What to produce — Leave every picture out, and give again exactly the lines from the one containing "Central Region, Uganda" through the end of the listing.

Recorded information —
──────────────────────────────
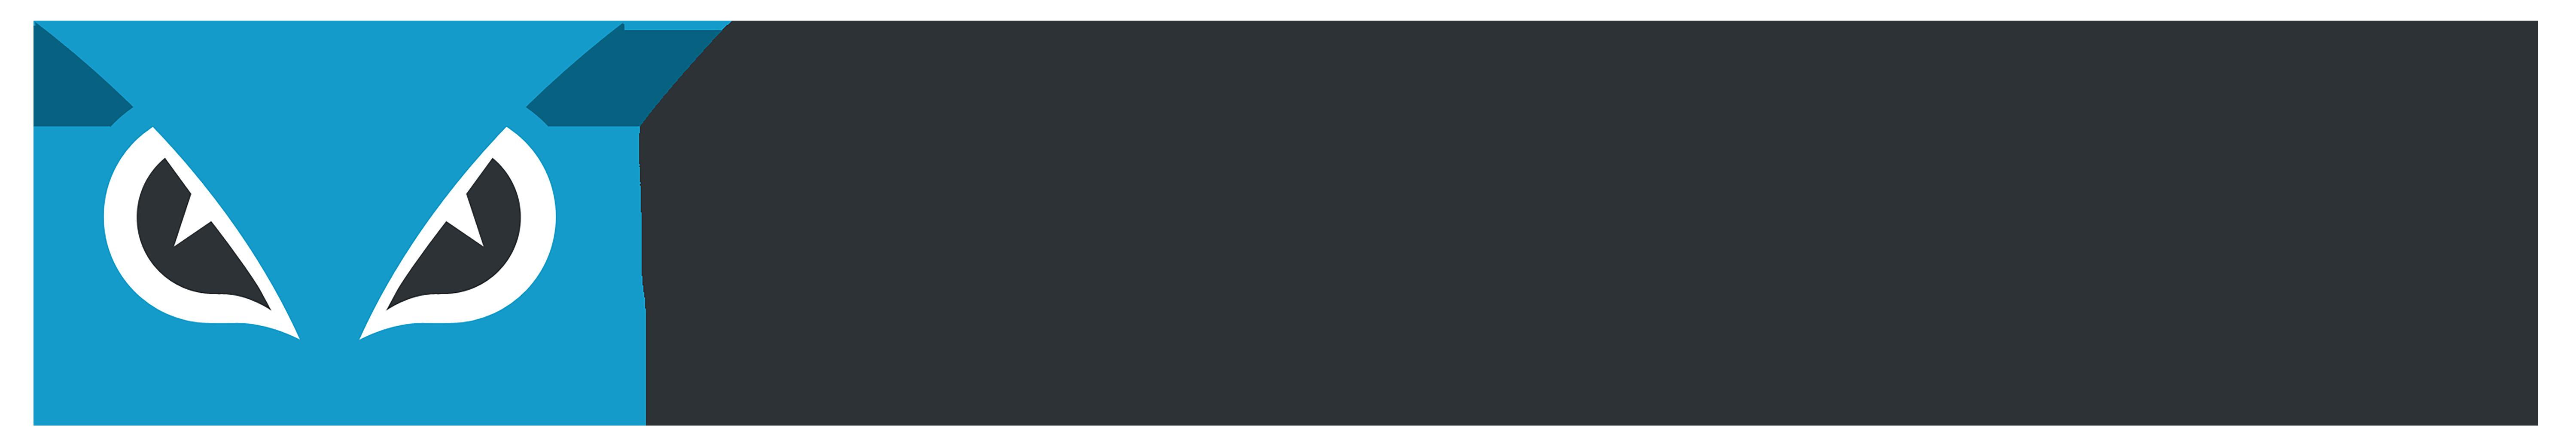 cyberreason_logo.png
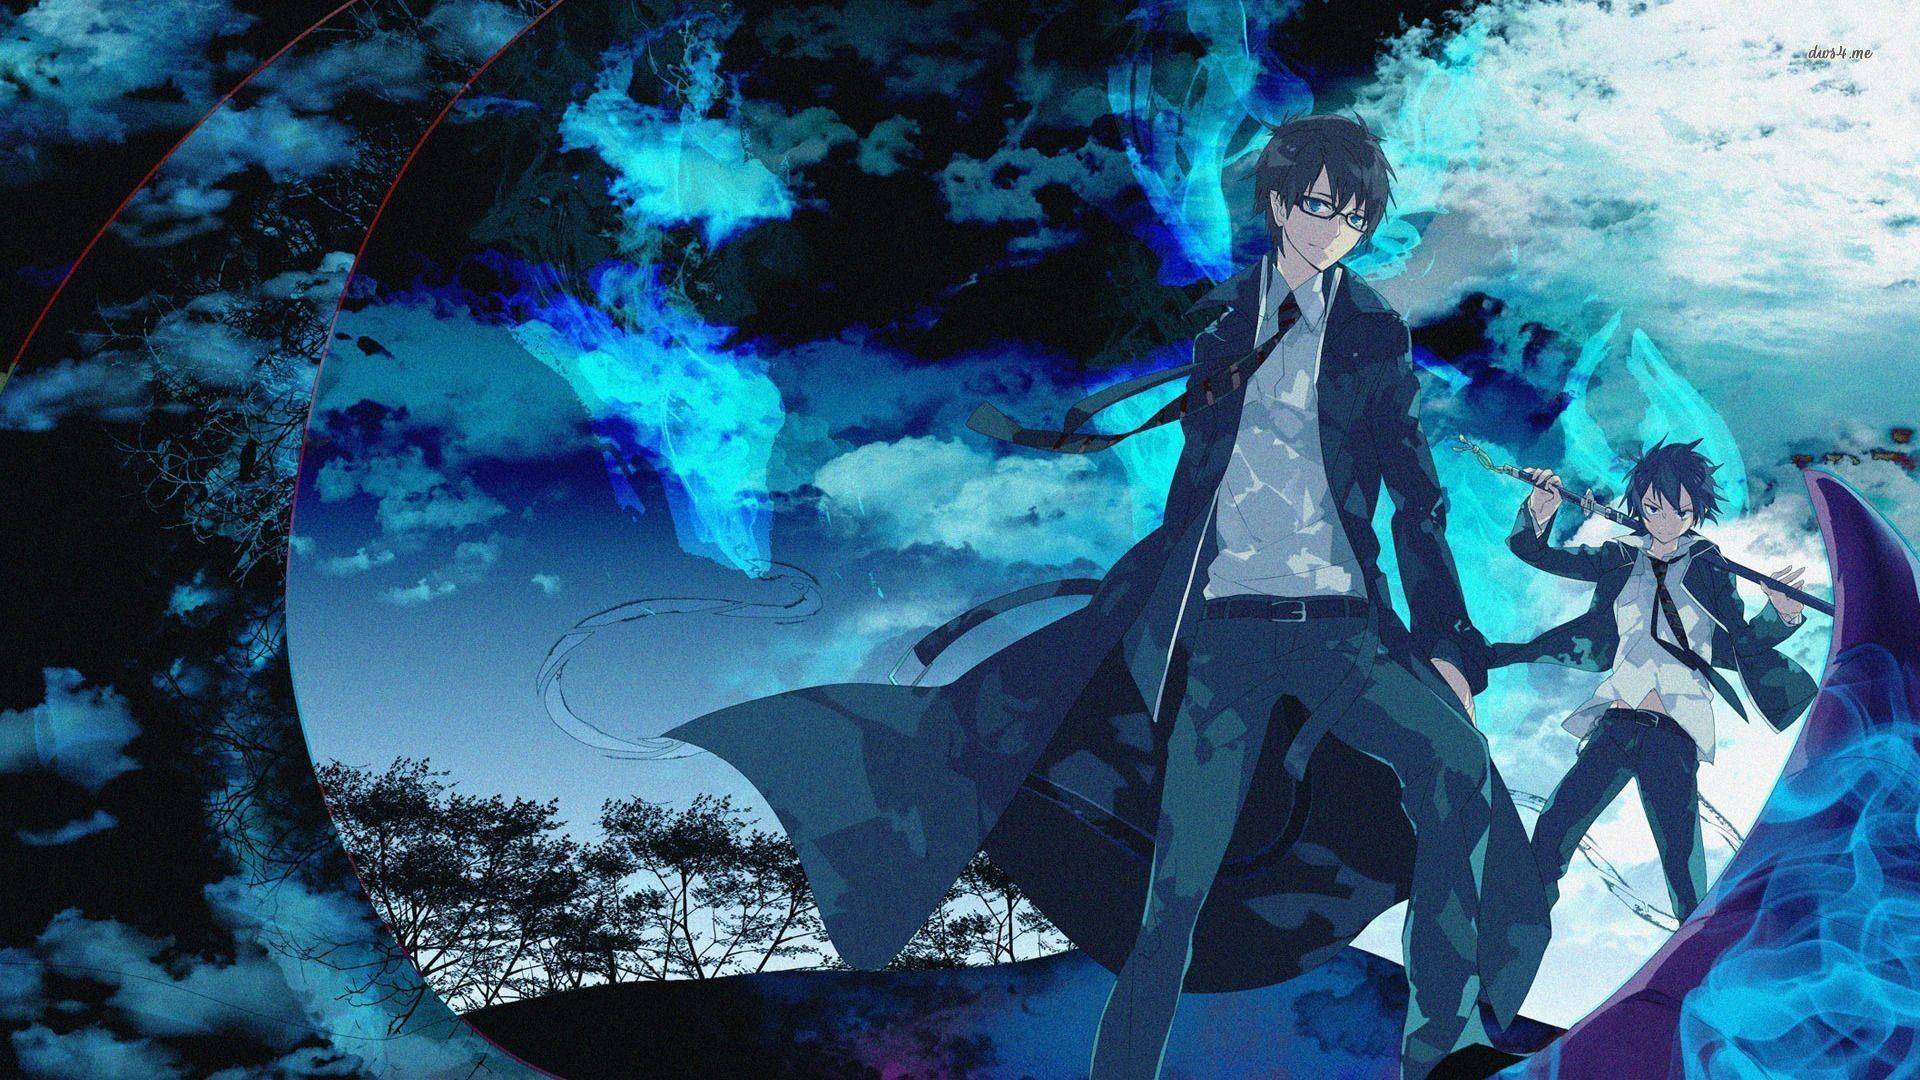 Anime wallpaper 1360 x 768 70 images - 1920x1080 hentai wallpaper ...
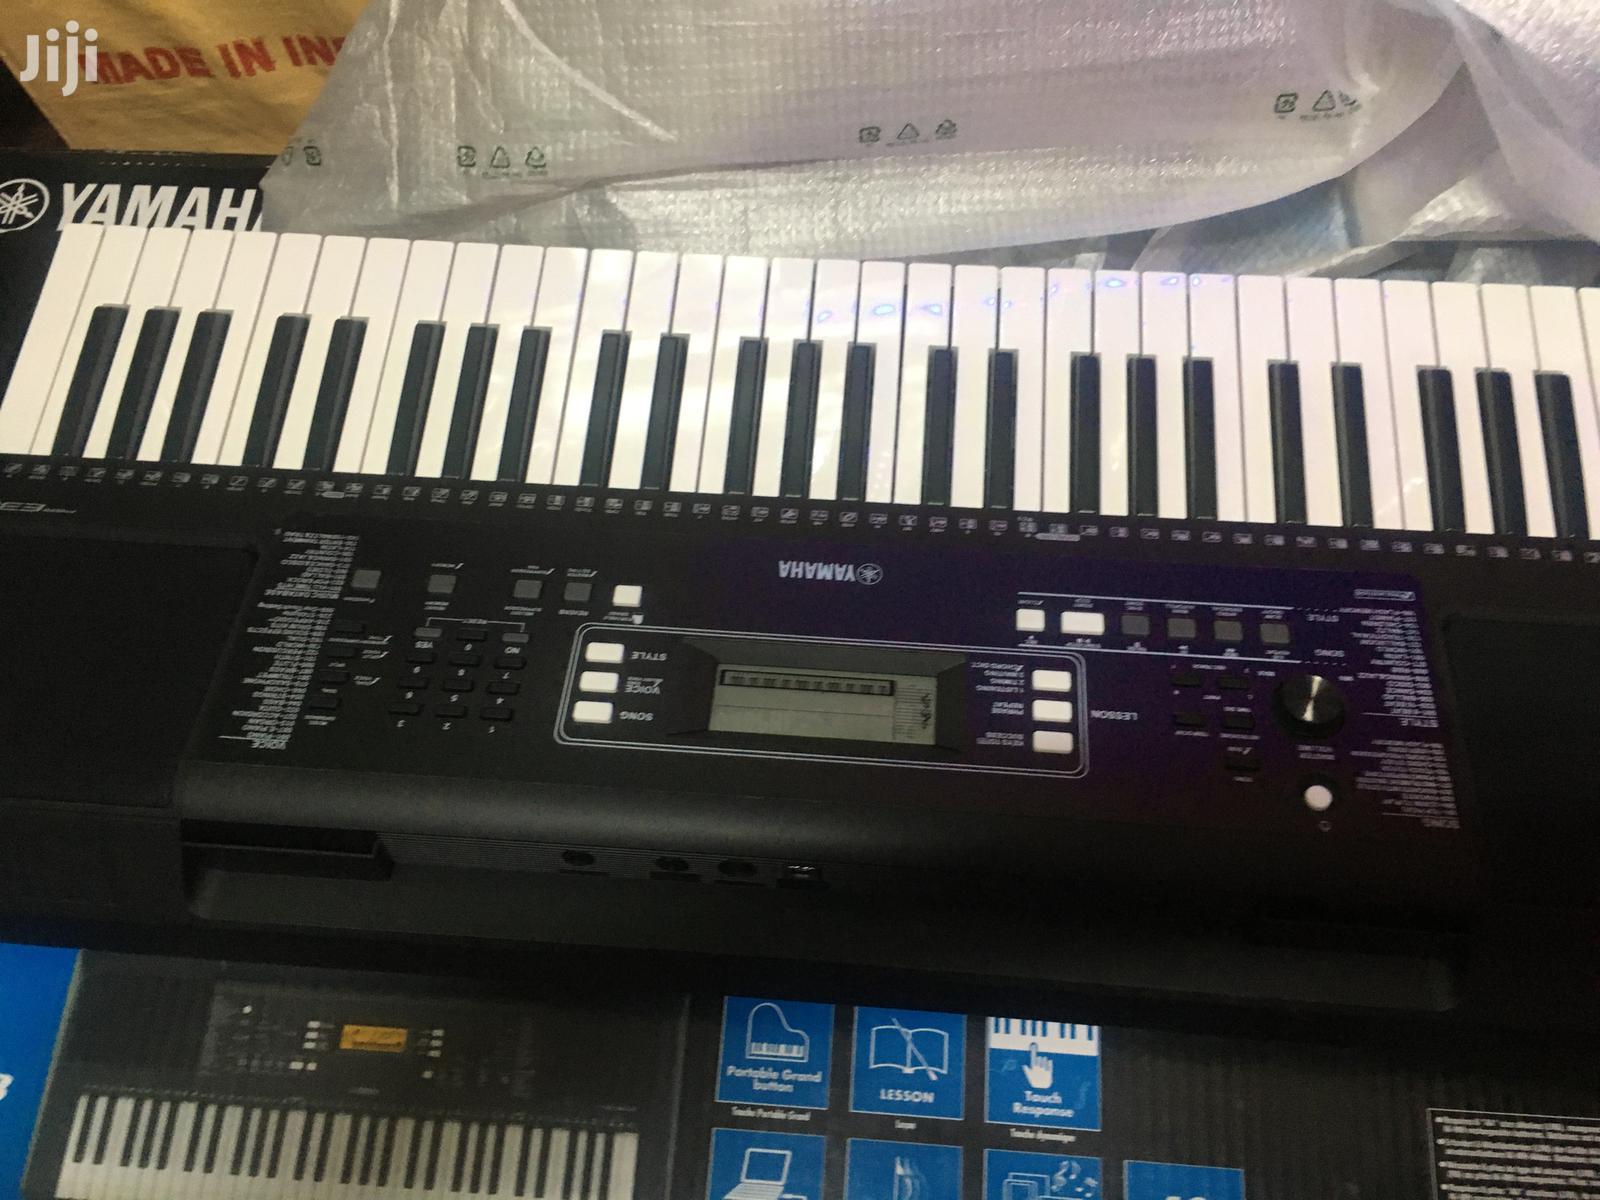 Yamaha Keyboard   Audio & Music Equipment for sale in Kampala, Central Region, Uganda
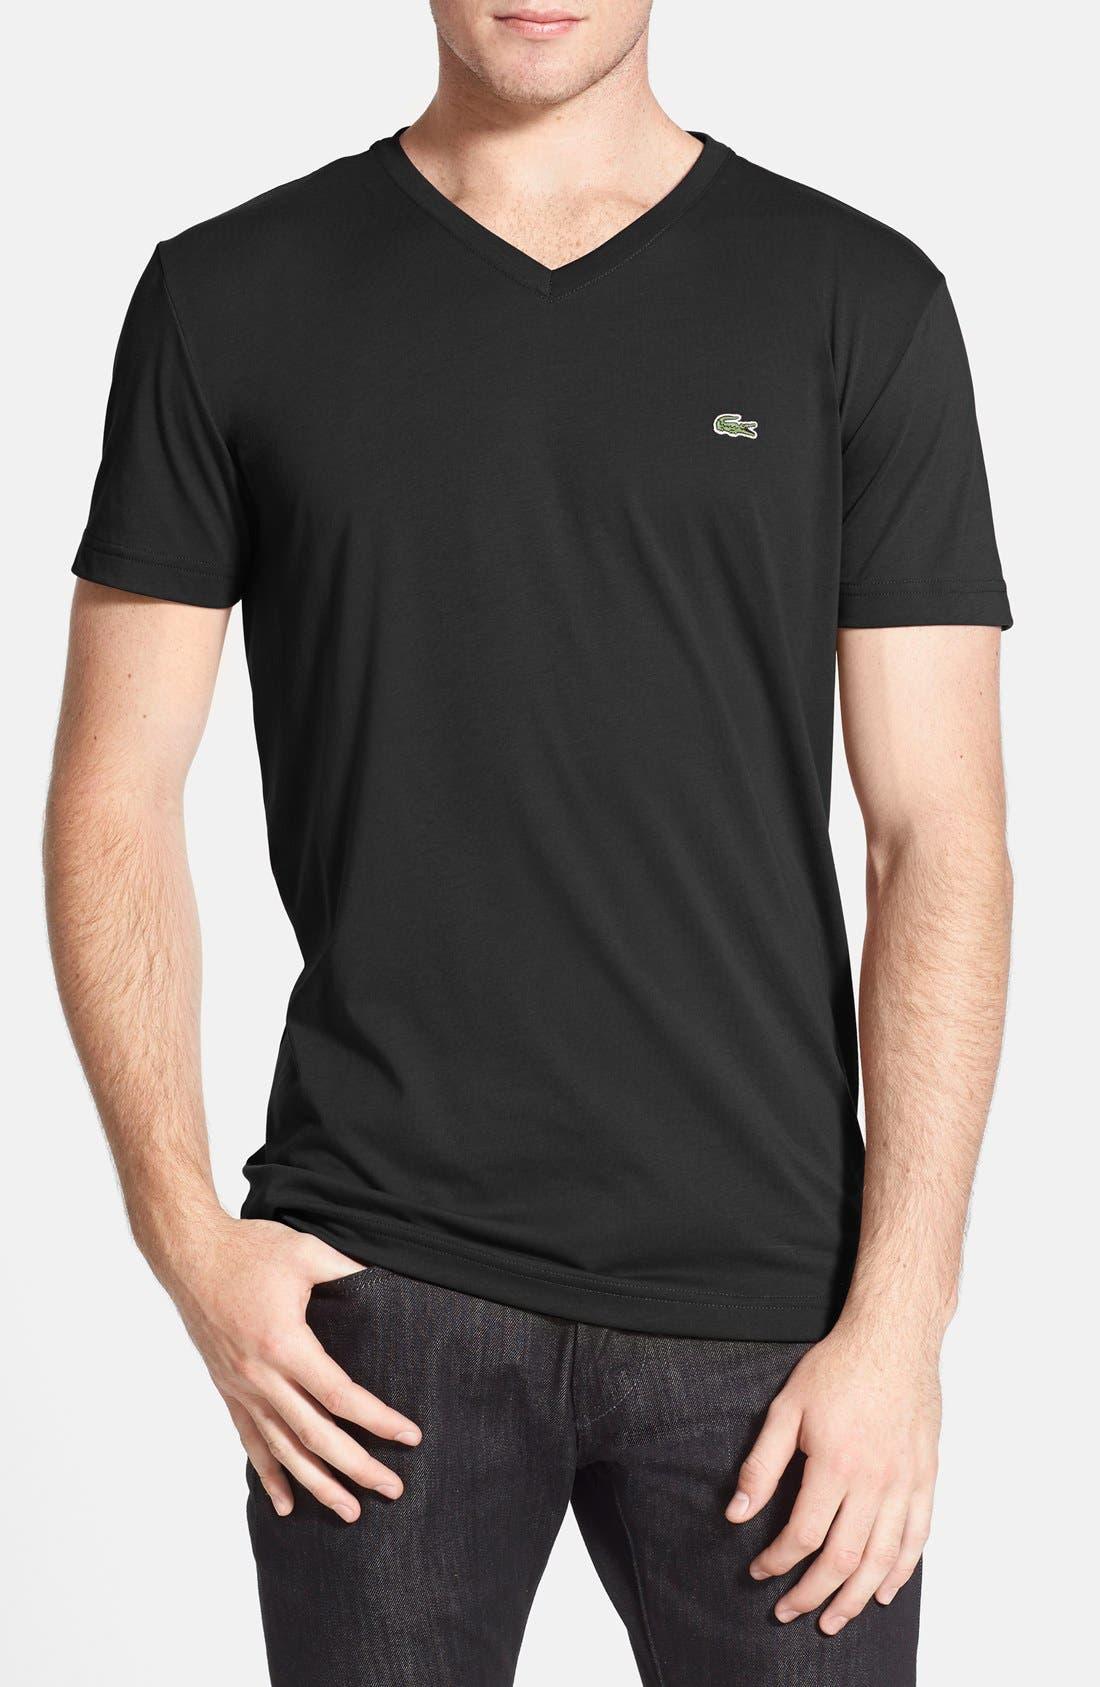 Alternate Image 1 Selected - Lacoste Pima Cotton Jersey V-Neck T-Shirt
──────────────────────────────
Exercise solution —
 Yamaha Keyboard   Audio & Music Equipment for sale in Kampala, Central Region, Uganda
 Alternate Image 1 Selected - Lacoste Pima Cotton Jersey V-Neck T-Shirt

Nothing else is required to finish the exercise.